Qualcomm is taking another stab at the server, throwing its hat into what is rapidly becoming a crowded ring — AI inference processing for the data center.
Qualcomm said in an event here Tuesday that it plans to begin sampling a 7-nm AI inference accelerator for the cloud that emphasizes power efficiency and boasts peak performance of more than 350 trillion operations per second (TOPS). The device is expected to be in production next year.
Details about the chip — known as the Qualcomm Cloud AI 100 — were limited. But Keith Kressin, Qualcomm’s senior vice president of product management, said that it would have more than 10 times the performance per watt of anything deployed today.
Recommended
AI Flood Drives Chips to the Edge
While providing few details, Qualcomm executives stressed the power efficiency of the Cloud AI 100, noting that the company’s heritage as a smartphone chip designer has ingrained power efficiency into its engineers’ DNA.
“I really think the way to get the most power-efficient processor is that you have to start with a mobile mindset,” Kressin said.
The market for inference accelerators is currently dominated by Nvidia GPUs, though more specialized solutions such as Google’s Tensor and Amazon’s Inferentia are available.
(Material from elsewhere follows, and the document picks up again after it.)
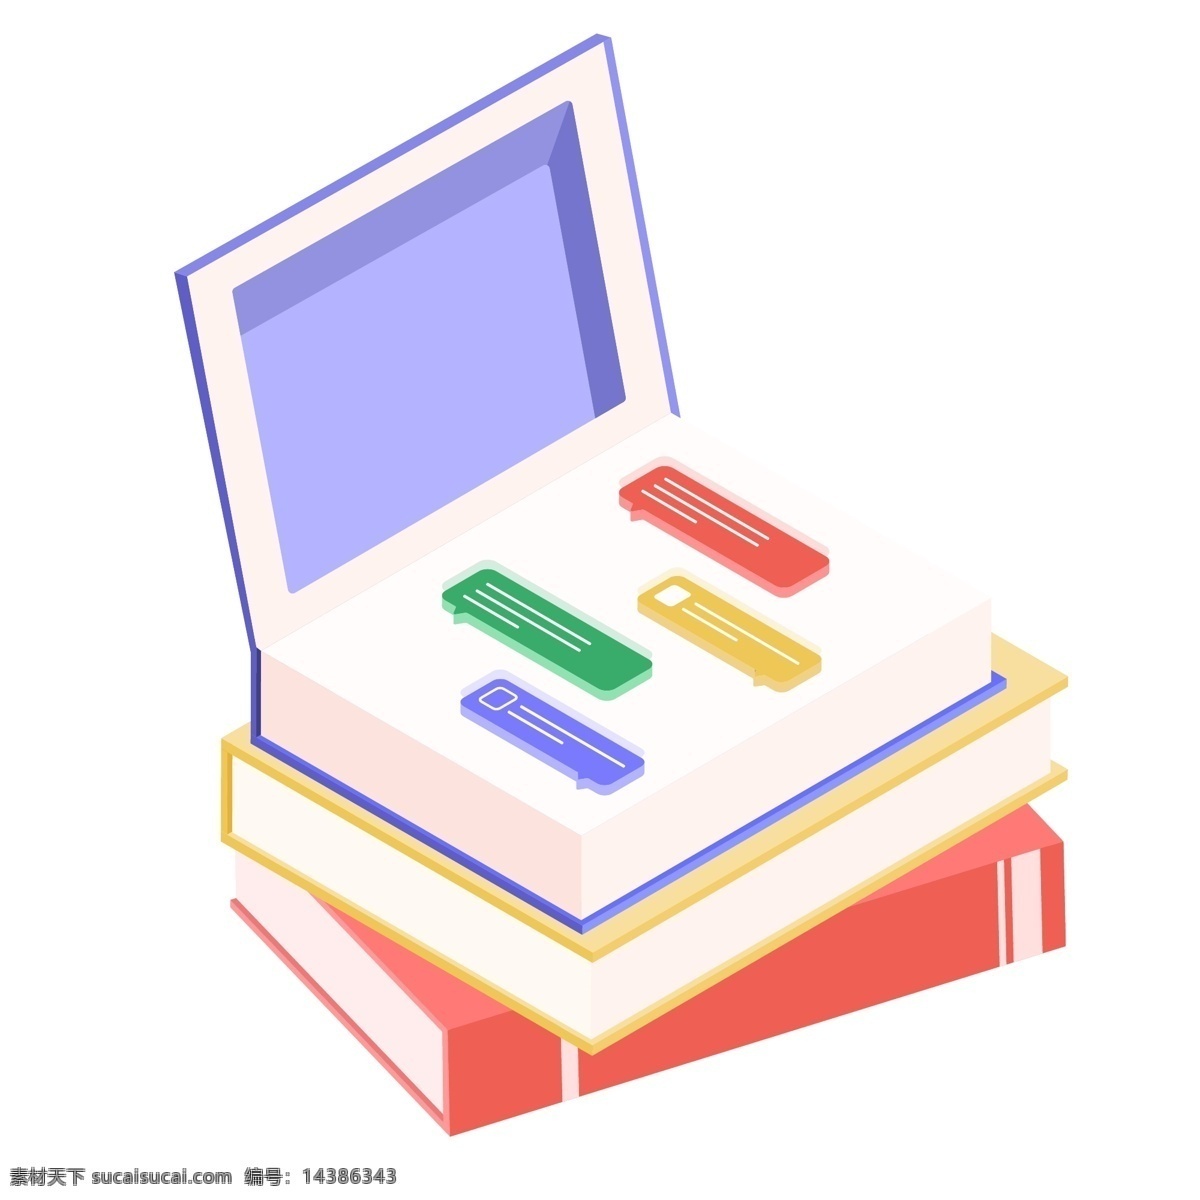 d 书籍 信息 科技 办公 矢量 元素 书本 色彩 对话框 紫色 2.5d
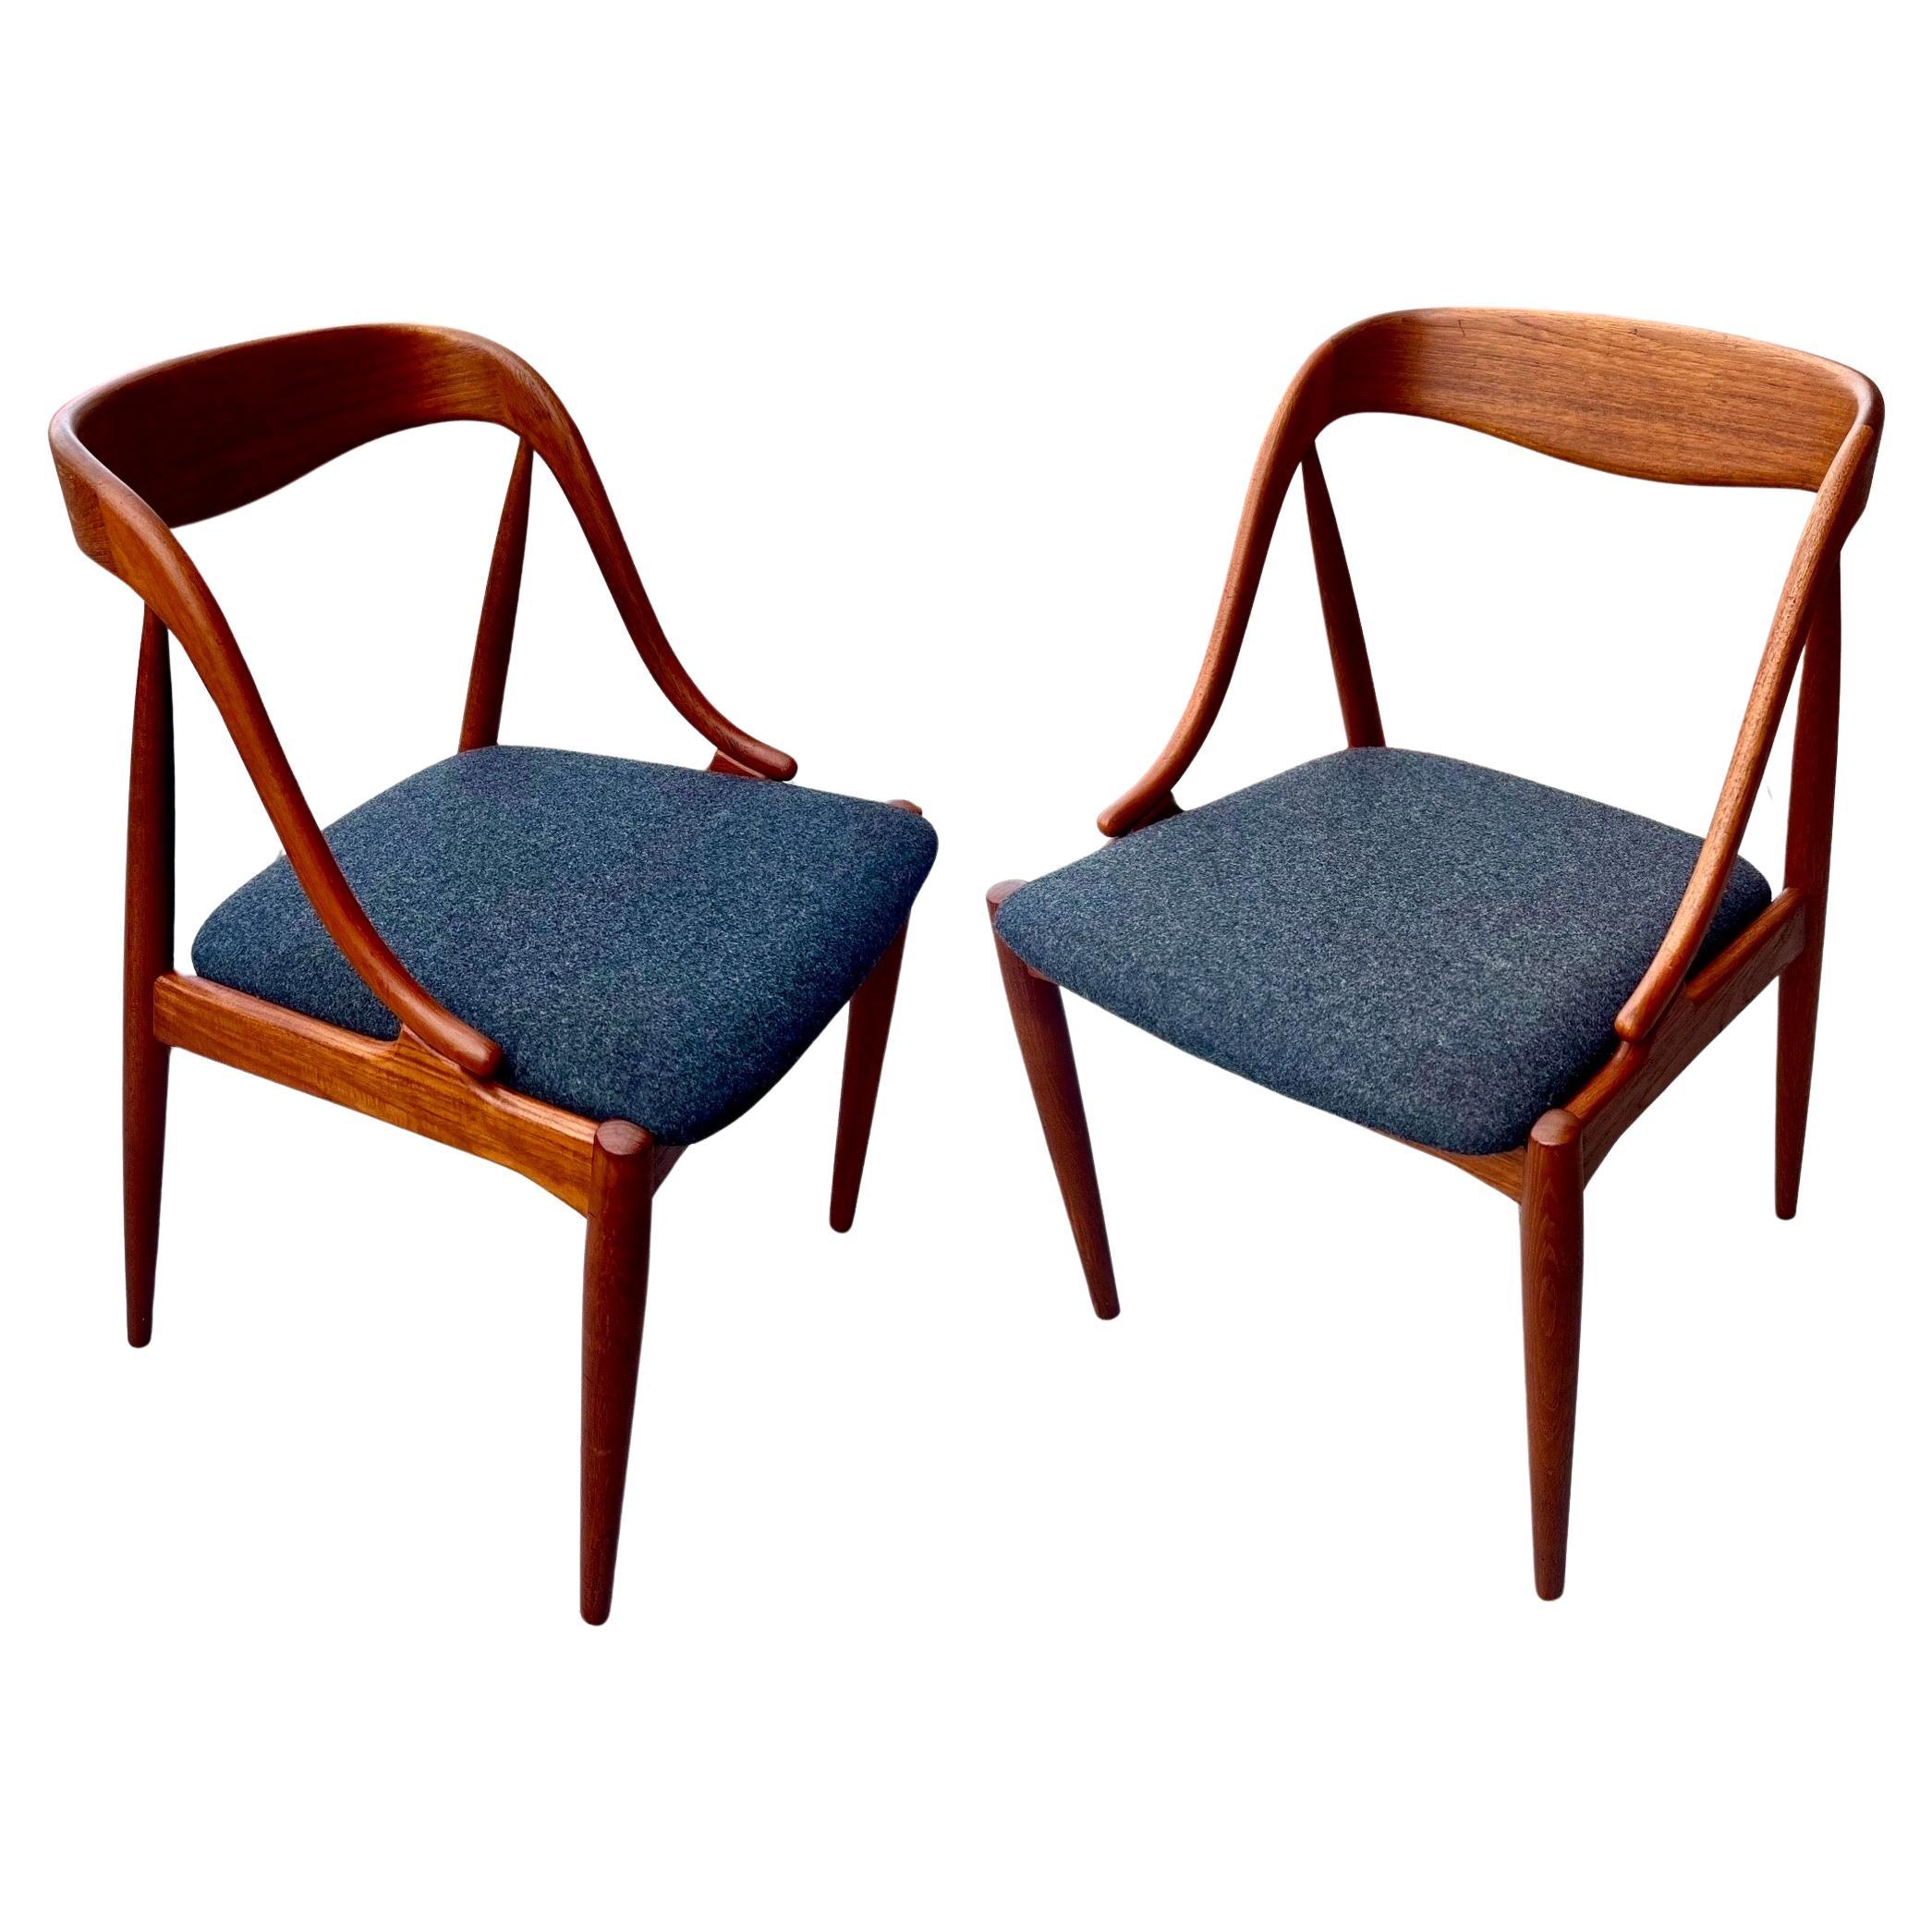 Pair of Danish Modern teak Model 16 Chairs by Johannes Andersen for Uldum Mobler

In all, more than 30 companies are known to be developing chips purpose-built for AI inferencing, ranging from heavyweights such as Intel and Xilinx to a host of startups led by the likes of Graphcore, Wave Computing, and Mythic.
“Qualcomm will certainly have to do something impressive to differentiate from these other vendors,” said Linley Gwennap, president and principal analyst at the Linley Group. “Qualcomm executives like to wave their hand and say ‘power efficiency.’ But what you can do in a smartphone is very different from what you can do in a server.”
Gwennap added that the lack of detail shared by Qualcomm makes it difficult to gauge the Cloud AI 100’s prospects for success. He noted that the chip is not likely to be in production before late 2020 and that the rapidly evolving AI inference market could look much different by then.
But Patrick Moorhead, president and principal analyst at consulting firm Moor Insights and Strategy, called the introduction of the Cloud AI 100 “promising” and “a good start.” He added that the devices’ target power envelope — which he estimated to 2 W to 5 W — is likely to differentiate its target market from the high-octane servers that use Nvidia’s high-end Tesla T4 GPUs in inferencing, limiting overlap.